Вот так: все сядут за стол, кроме Таши и ее, Натальи Николаевны.
Вспомнилось: в Бродзянский замок Фризенгофов тем летом наехали гости из России. Была там и Наталья Николаевна с Петром Петровичем. Их дети: Александра, Софья и Елизавета; дети Натальи Николаевны и Пушкина: Мария, Александр, Григорий и Наталья. Приехали братья Гончаровы — Дмитрий Николаевич и Сергей Николаевич.

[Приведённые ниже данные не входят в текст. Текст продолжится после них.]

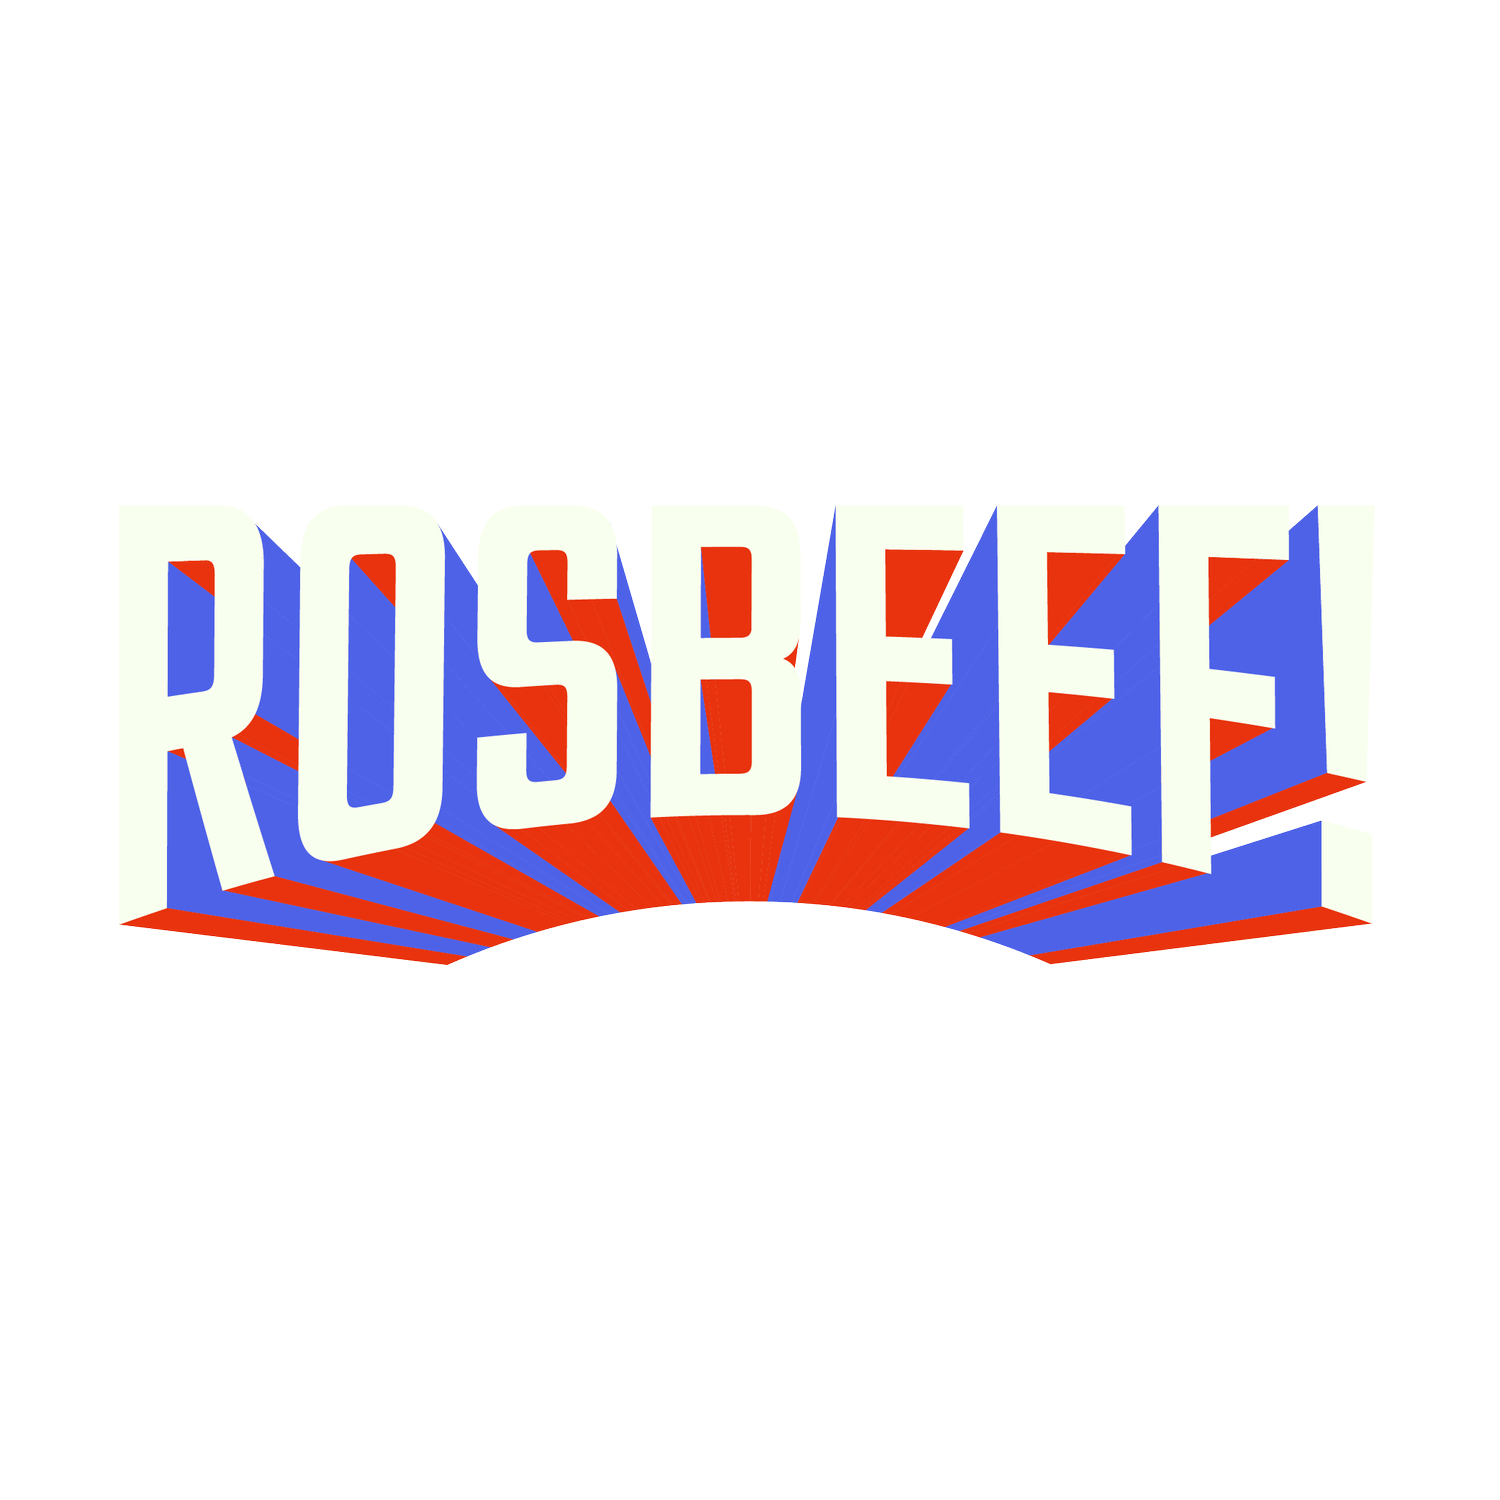 Rosbeef!
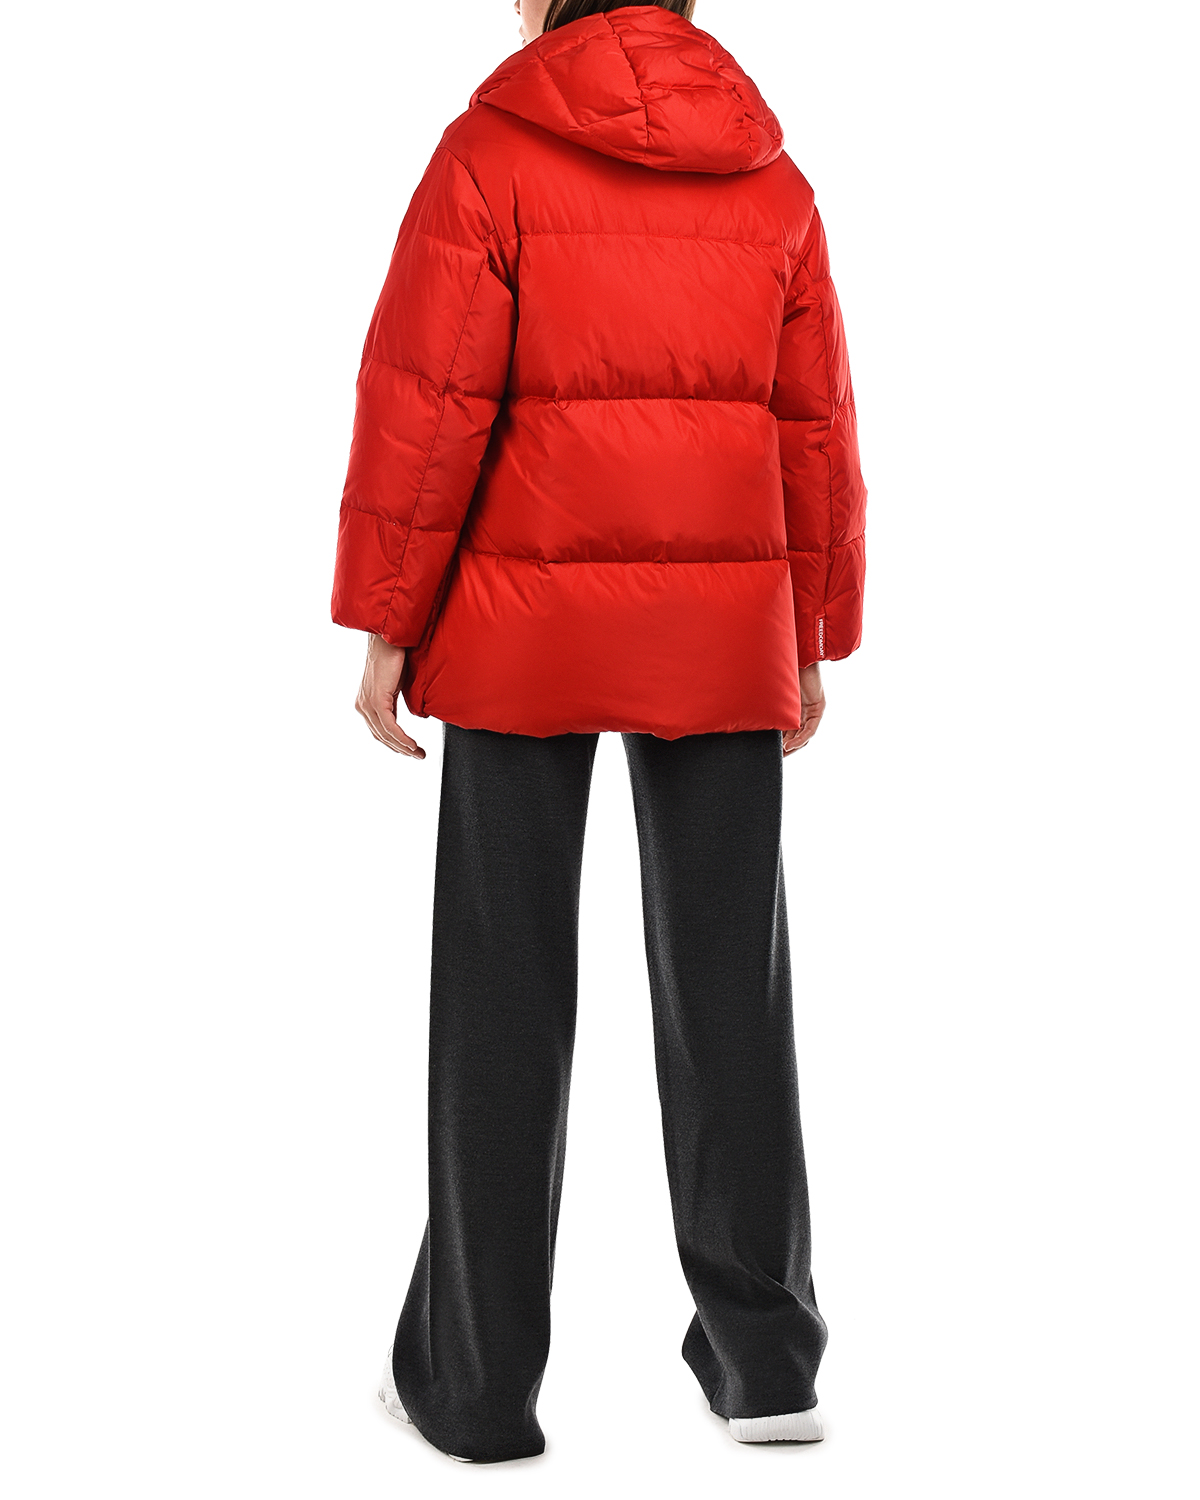 Красная куртка с контрастной подкладкой Freedomday, размер 38, цвет красный - фото 4
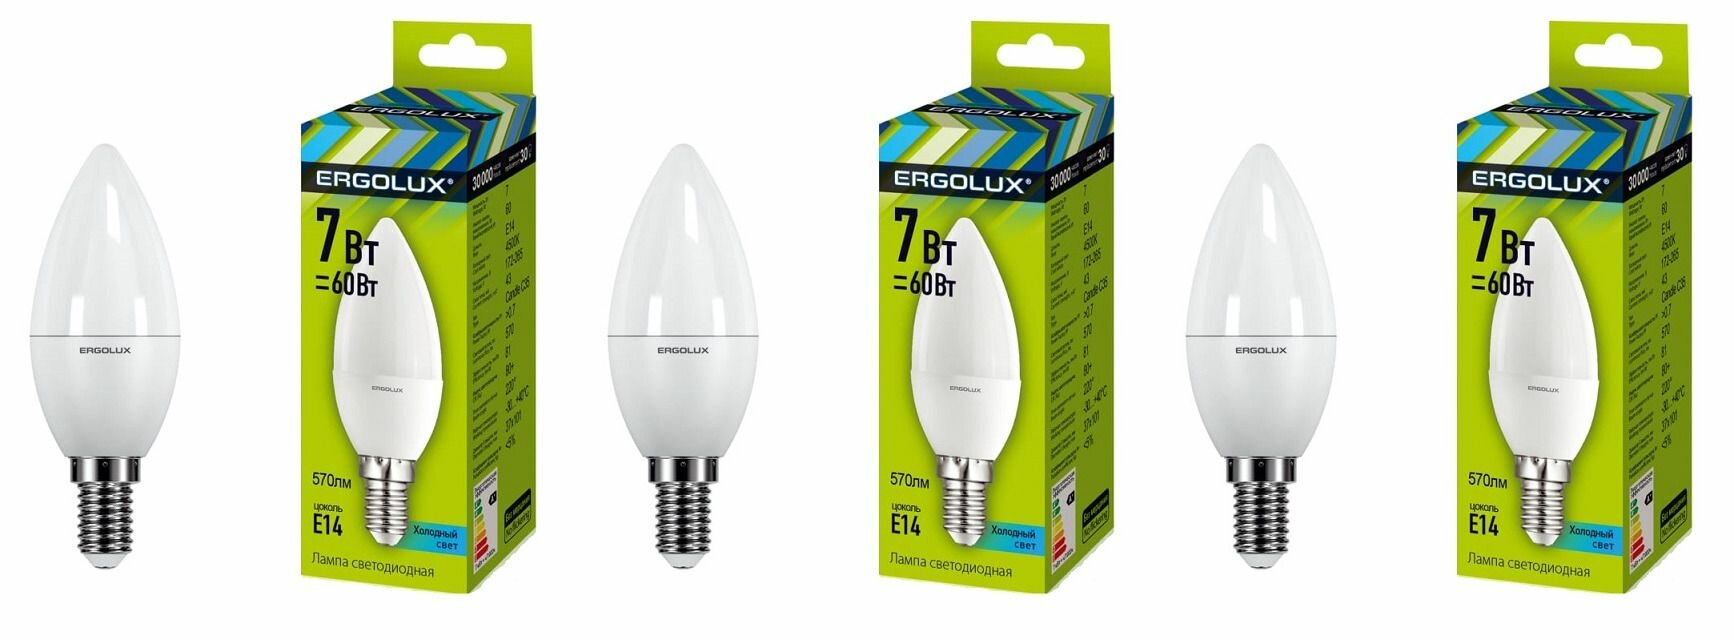 Ergolux Лампочка LED-C35-7W-E14-4K, Свеча, светодиодная, 3 шт.
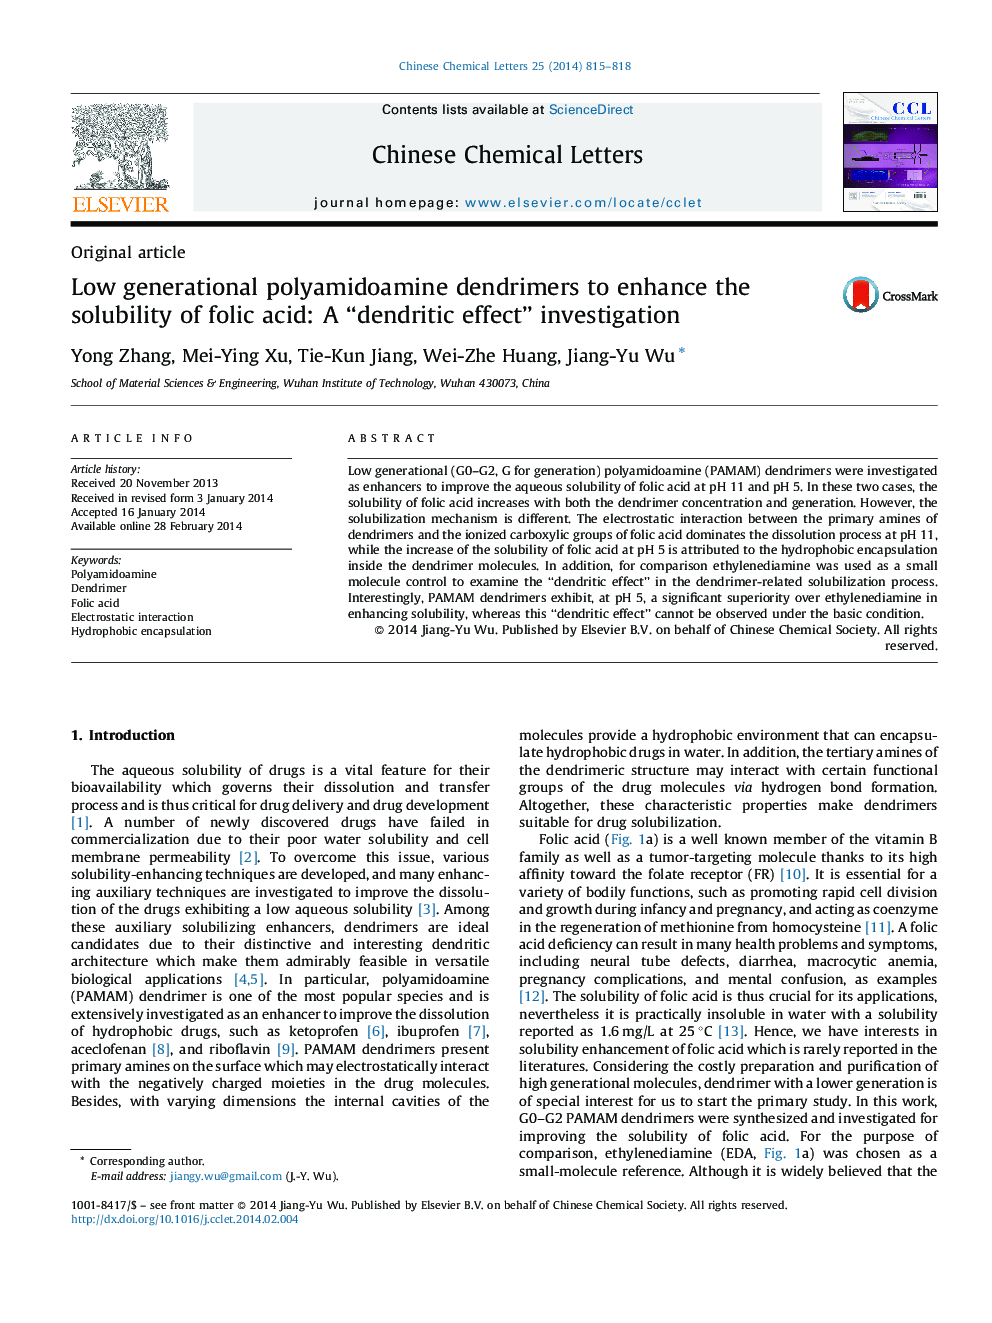 پلی آمیدآمین دندریمر نسل پایینی برای افزایش حلالیت اسید فولیک: اثرات دندریتیک تحقیق و بررسی

— Знаешь, Сашенька, — сказала Наталья Николаевна Александре Николаевне, — замок Фризенгофов чем-то мне напоминает наш дом на Полотняном заводе.
Александра Николаевна согласилась с сестрой.
Они шли в тот момент с прогулки по дороге, ведущей к замку, и вглядывались в его массивные очертания, поднимающиеся над небольшим селом Бродзяны.
— Вот смотри на это окно, — показала Наталья Николаевна белым кружевным зонтиком, — нет, не крайнее, а в середине, второе снизу. Так и кажется, что это окно маменькиного будуара.
Обе остановились и немного помолчали, охваченные воспоминаниями детства и юности в гончаровском доме.
— А помнишь, как в детстве мы боялись маменьку? — сказала Александра Николаевна.
— Боялись не зря, — ответила Наталья Николаевна, — теперь, с возрастом, я говорю спокойно об этом, все так далеко, точно не из моей жизни. А несколько лет назад я не могла вспомнить без волнения маменькиного отношения к нам, детям. Я прожила жизнь, имею семерых детей, а так и не поняла, как можно на свое дитя поднять руку. Как можно не болеть за судьбу своего ребенка, не заботиться о нем, даже тогда, когда он станет взрослым.
— Что и говорить, нрав у маменьки был жестокий. Чуждым ей было даже чувство жалости к больному, брошенному отцу. И о нас она не заботилась, особенно обо мне и покойной Кате. Ты-то рано вышла замуж. Если бы ты и Александр Сергеевич не взяли нас к себе, так мы бы и остались старыми девами.